→ **Stored data**
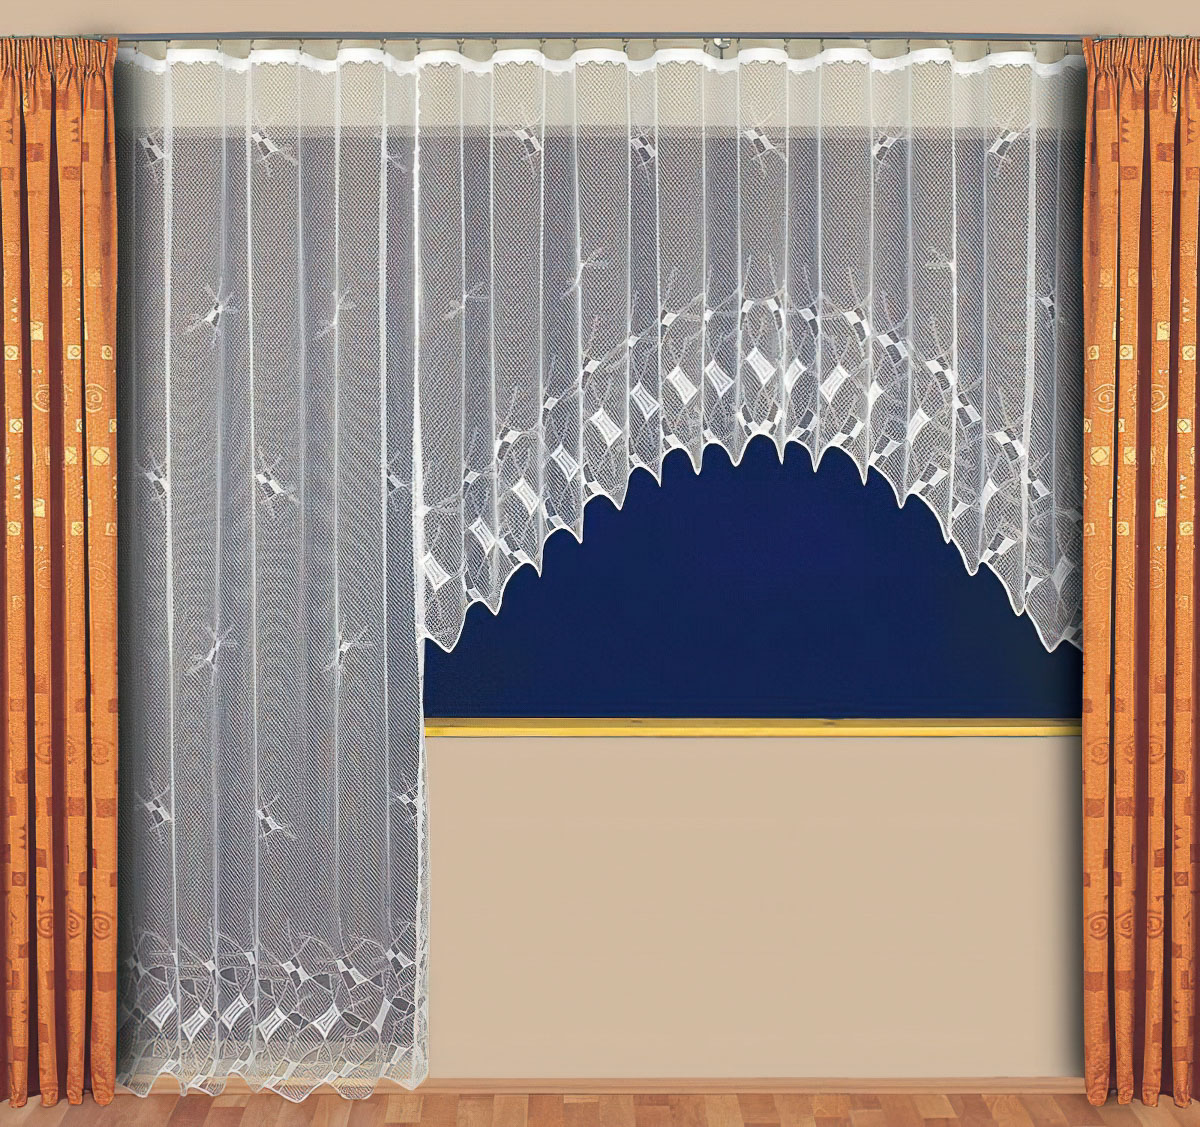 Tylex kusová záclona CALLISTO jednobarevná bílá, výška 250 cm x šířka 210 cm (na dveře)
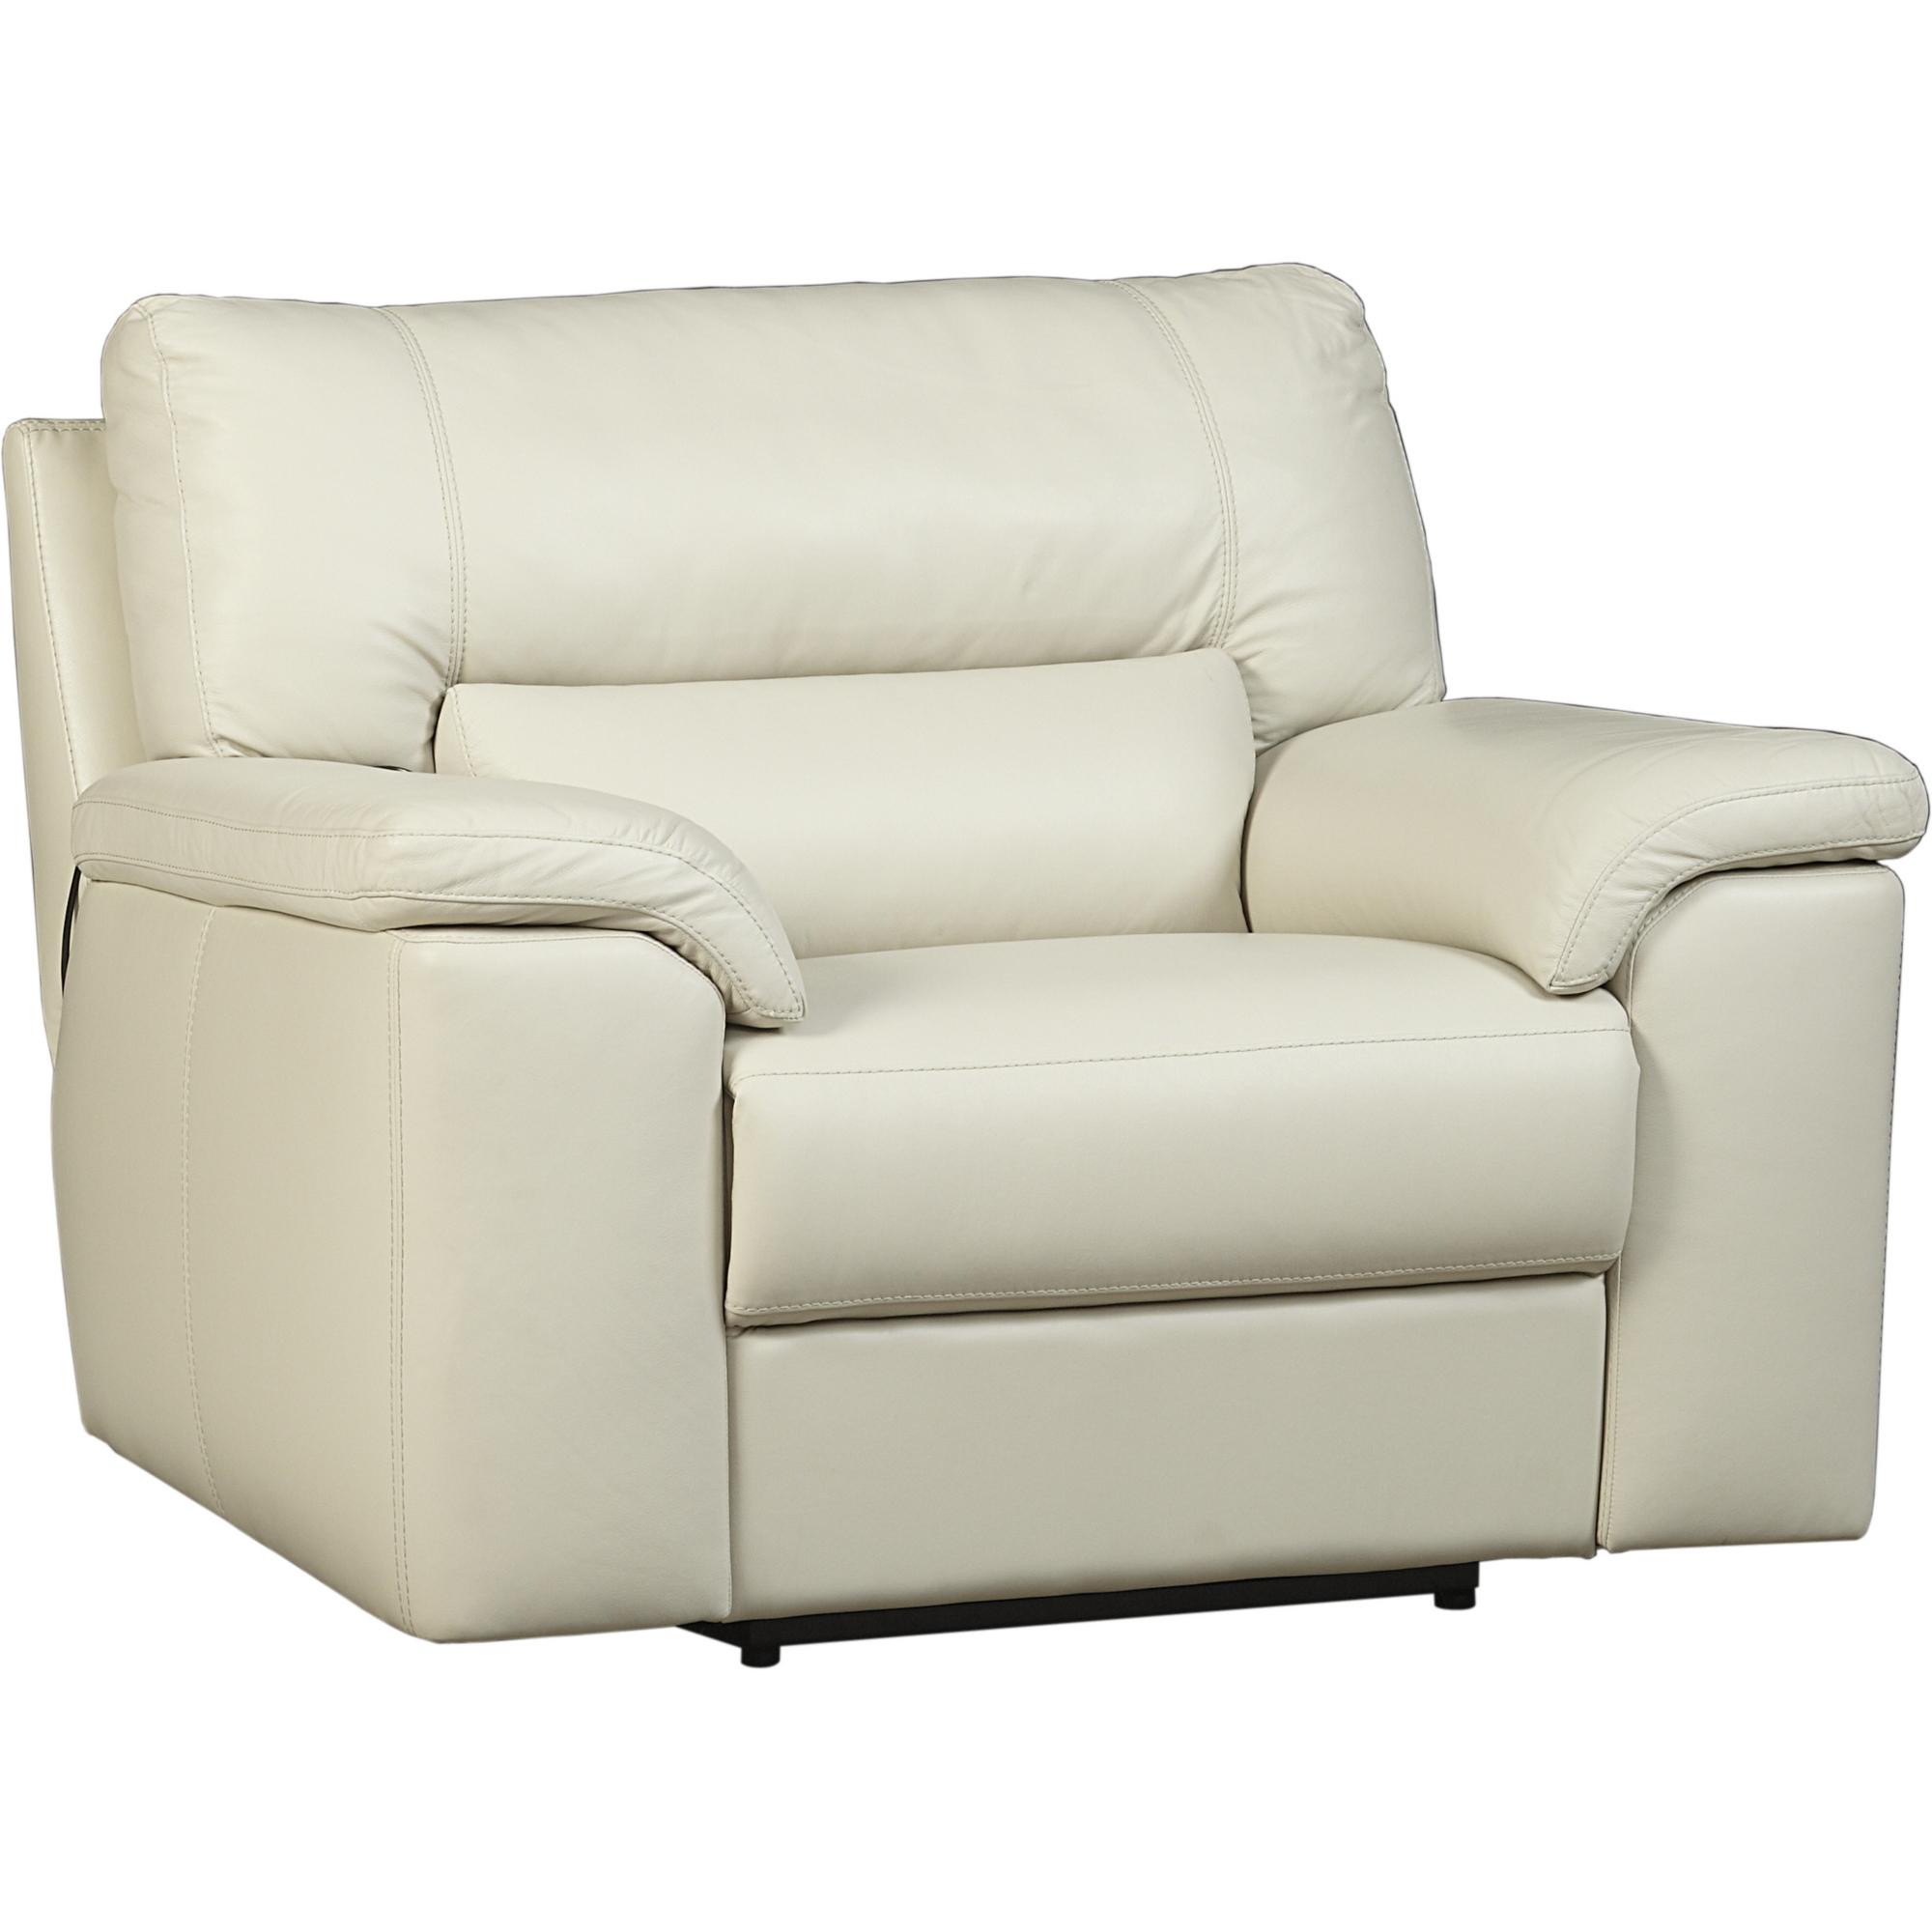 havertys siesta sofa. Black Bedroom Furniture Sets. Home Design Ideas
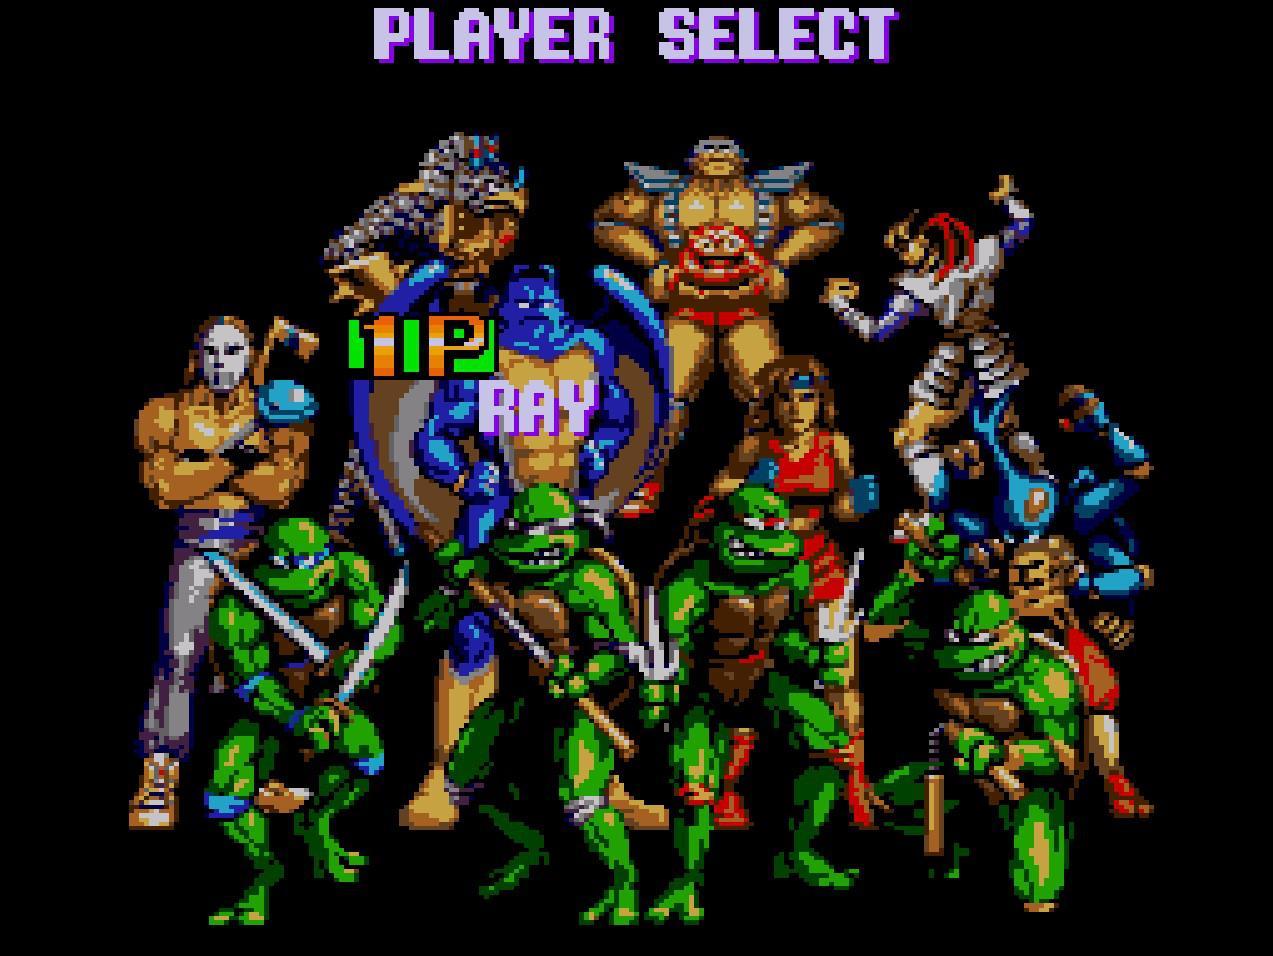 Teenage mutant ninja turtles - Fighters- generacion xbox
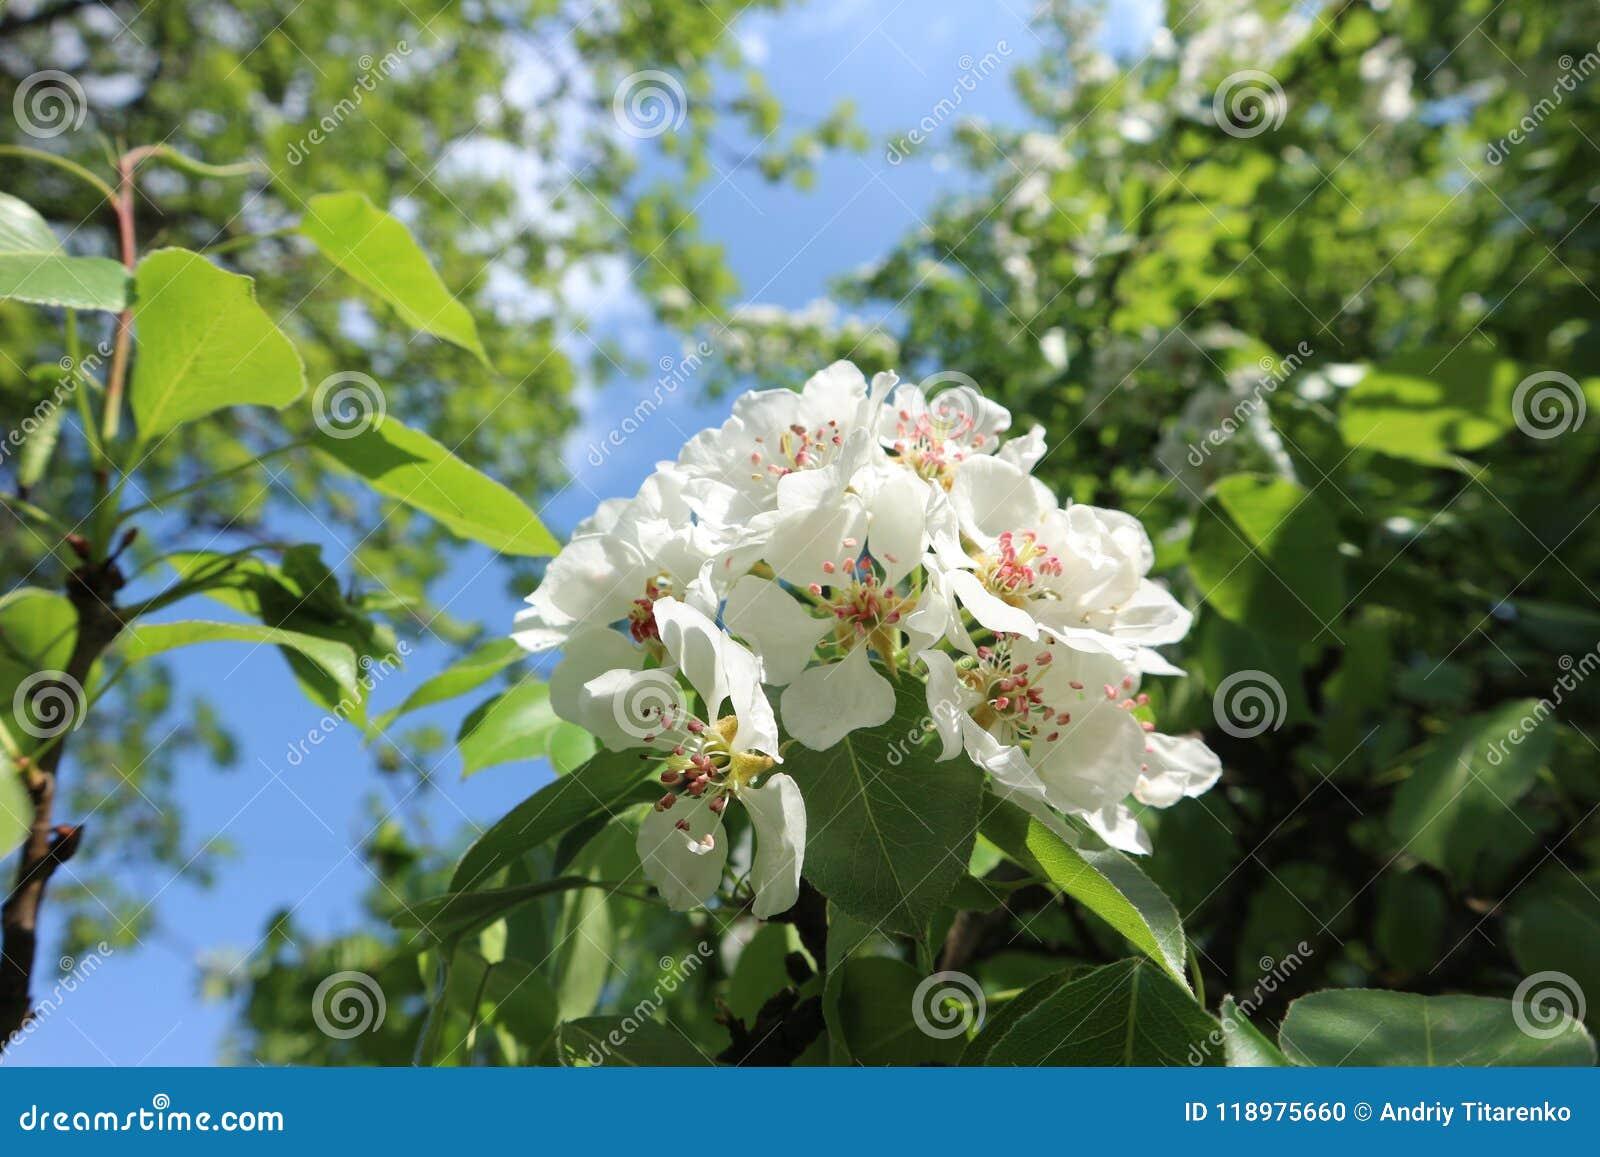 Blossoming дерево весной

→ **Aim of the exercise**
Every line of the data above should be returned exactly, with the pictures removed.

→ **Reply**
 Tylex kusová záclona CALLISTO jednobarevná bílá, výška 250 cm x šířka 210 cm (na dveře)
 havertys siesta sofa. Black Bedroom Furniture Sets. Home Design Ideas
 Teenage mutant ninja turtles - Fighters- generacion xbox
 Blossoming дерево весной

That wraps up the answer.